In a similar fashion to the detonator of FIG. 2, a thin disc shaped primer charge member 22, made of such material as lead azide, is positioned on top of the insulator 44 and the lead styphnate igniter, and a disc shaped secondary output charge member 24, made of such material as HMX is positioned on top of the primer charge 22. A cup shaped metal housing 52 having a flange 54 thereon is ring welded to header shoulder 56 to form a hermetic sealed detonator.

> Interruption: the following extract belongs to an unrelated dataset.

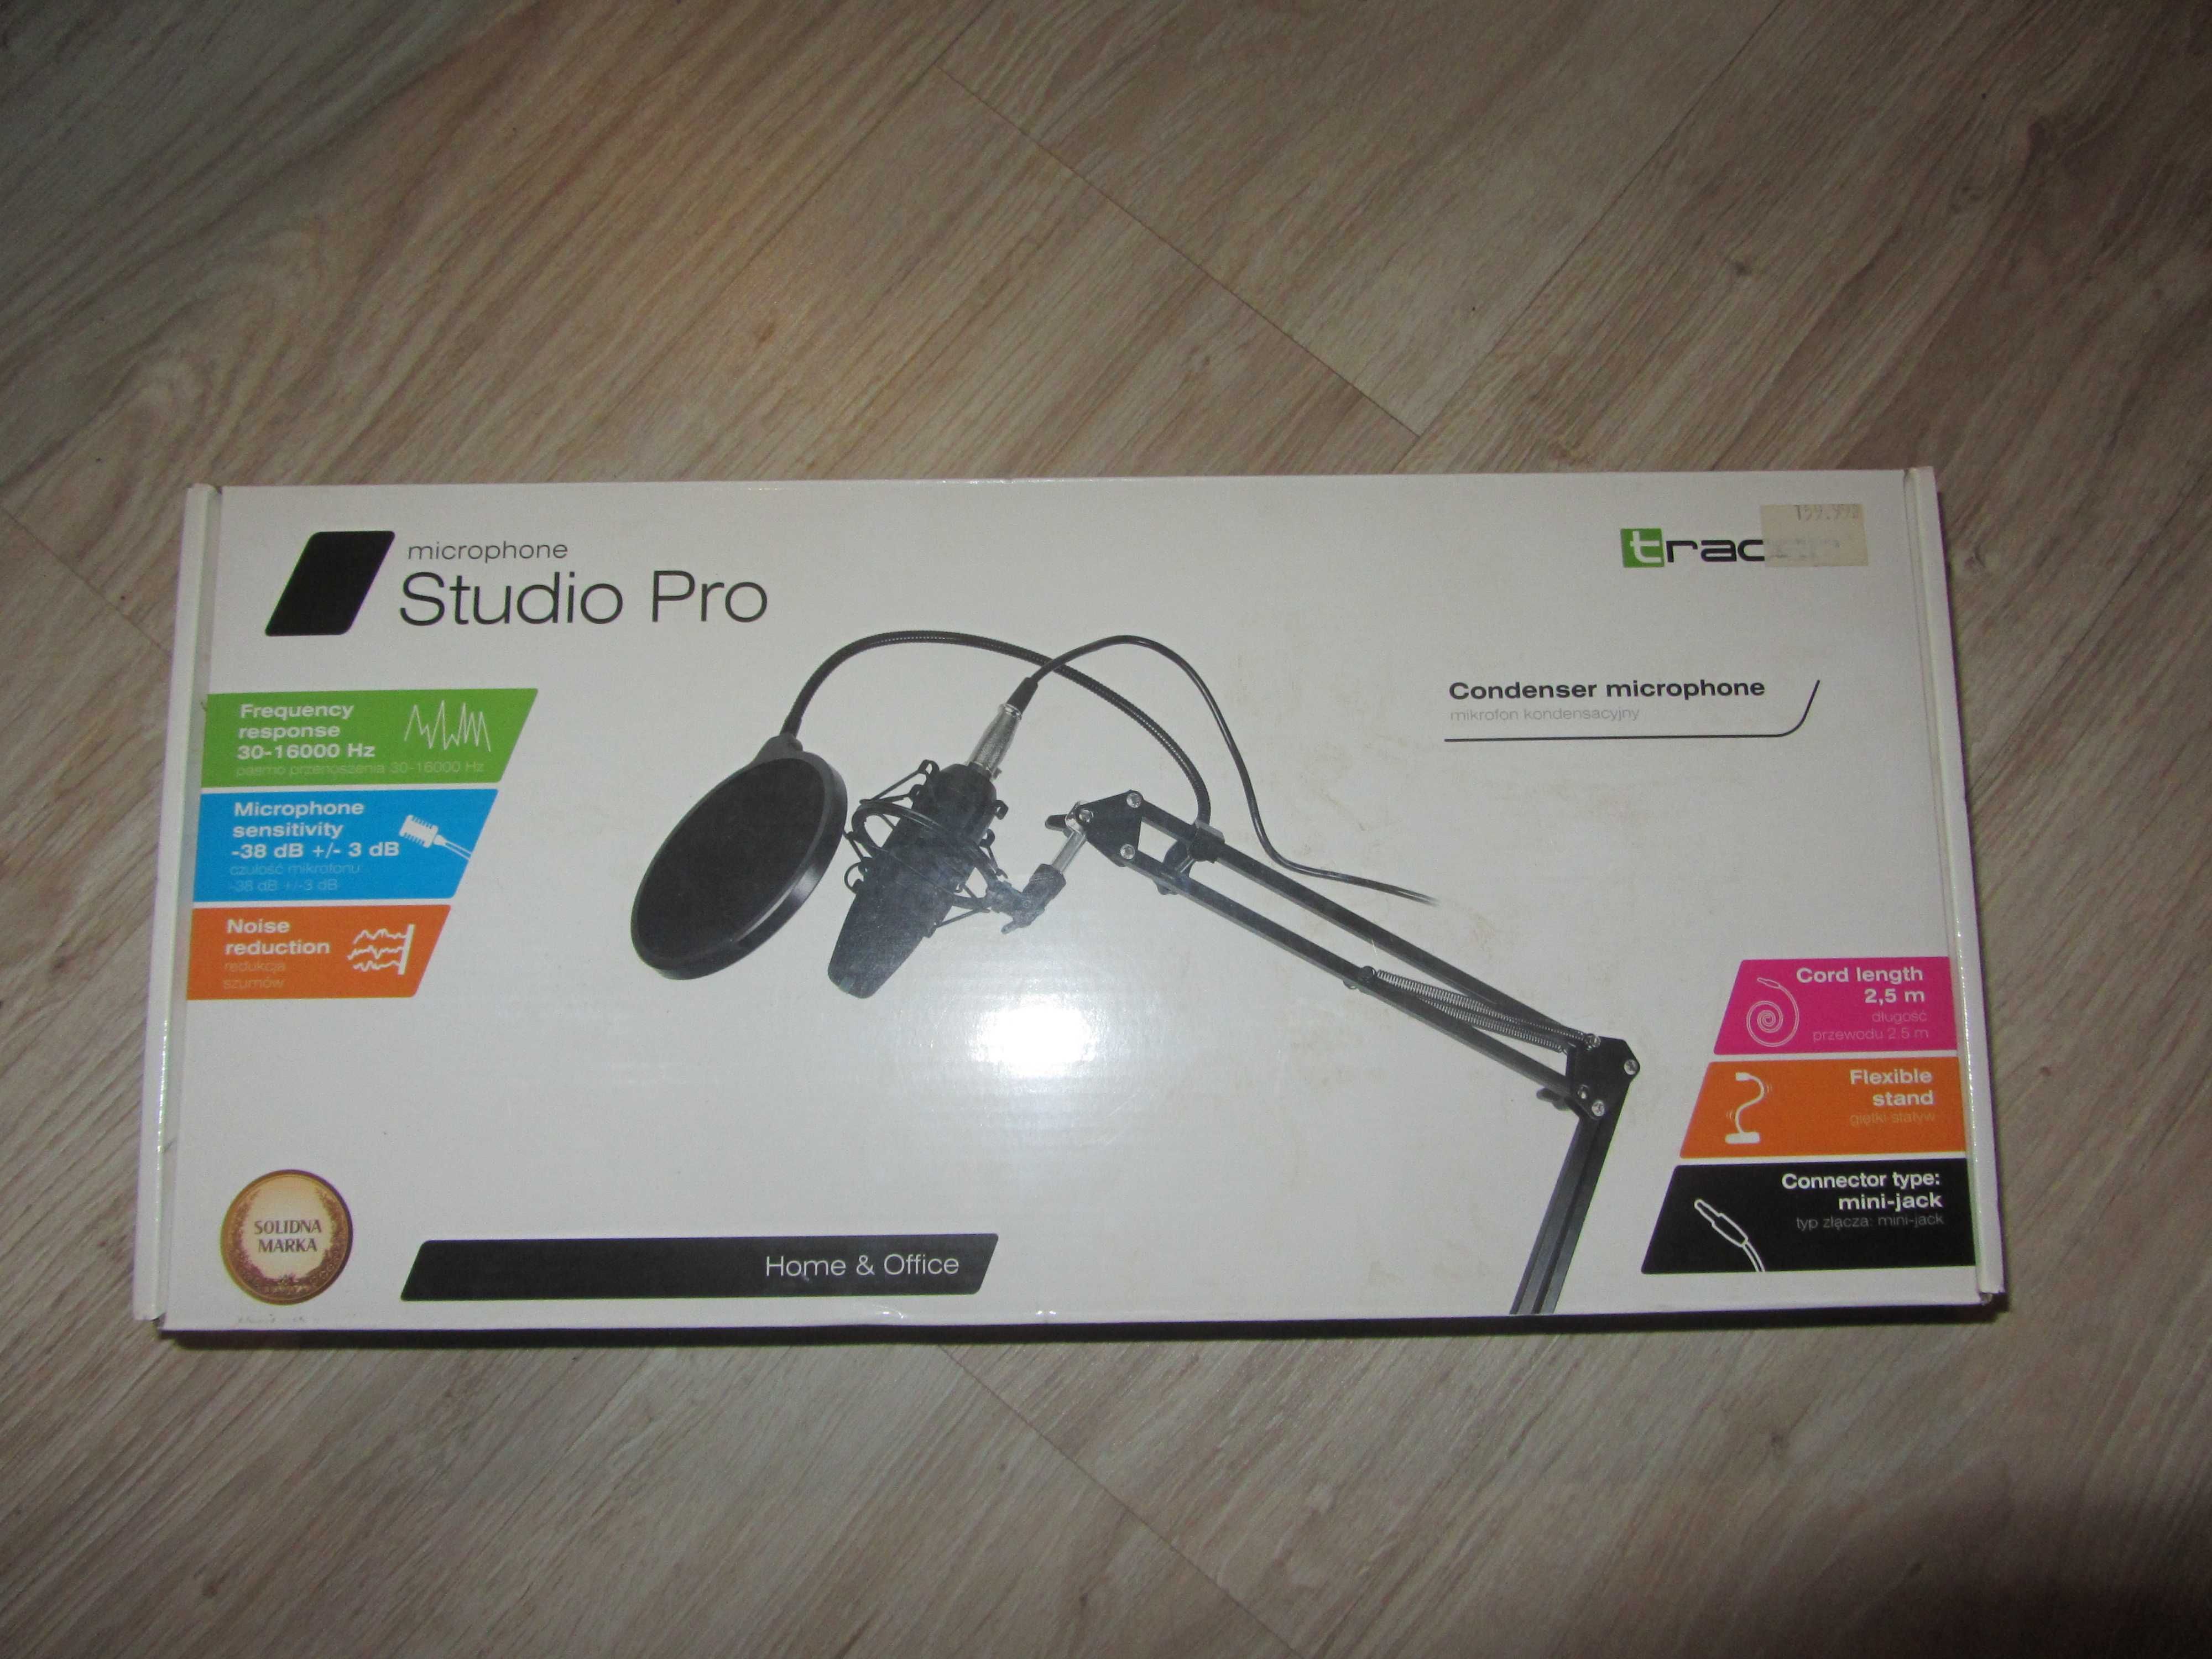 Microphone Studio Pro

In operation, the detonators of FIGS. 2 and 3 are initiated when the lead styphnate 20 and 48 is ignited by a hot wire or an integrated circuit hot spot respectively after application of a proper input voltage to the lead 16 and 36 respectively. Other initiating sources that would be suitable for use as an igniter are an exploding wire, a conductive mixture, or a mild detonating cord. The initial detonation wave produced in the lead azide primer charge layer 22, because of the thin cross-section, is not sufficient to initiate the secondary output charge 24 directly. The detonation wave propagates radially outward from the center until it hits the interior walls 27 and 53 of housings 26 and 52, respectively. The reflected shock waves causes pressure to increase to a level which causes annular initiation of secondary output charges 24 at their outer edges. The detonation of the secondary output charges 24 then propagates in a converging detonation wave which collides in the center of the device producing an axial jet of explosion materials whose energy is effective in initiating a high explosive, RDX, acceptor (not shown) across an air gap of approximately 3/8 of an inch. In the specific embodiments illustrated in FIGS. 2 and 3 of the metal housings 26 and 52 are made of steel with a wall thickness of at least 0.010 inch. The secondary output charges 24 are made of 80 mg. HMX material pressed at 25,000 psi to give the desired thickness of 0.040 inch. The primer charges 22 are made of 60 mg lead azide charge pressed at 25,000 psi to give the desired thickness of 0.015 inch.
While there has been described and illustrated specific embodiments of the invention, it will be obvious that various changes, modifications and additions can be made herein without departing from the field of the invention which should be limited only by the scope of the appended claims.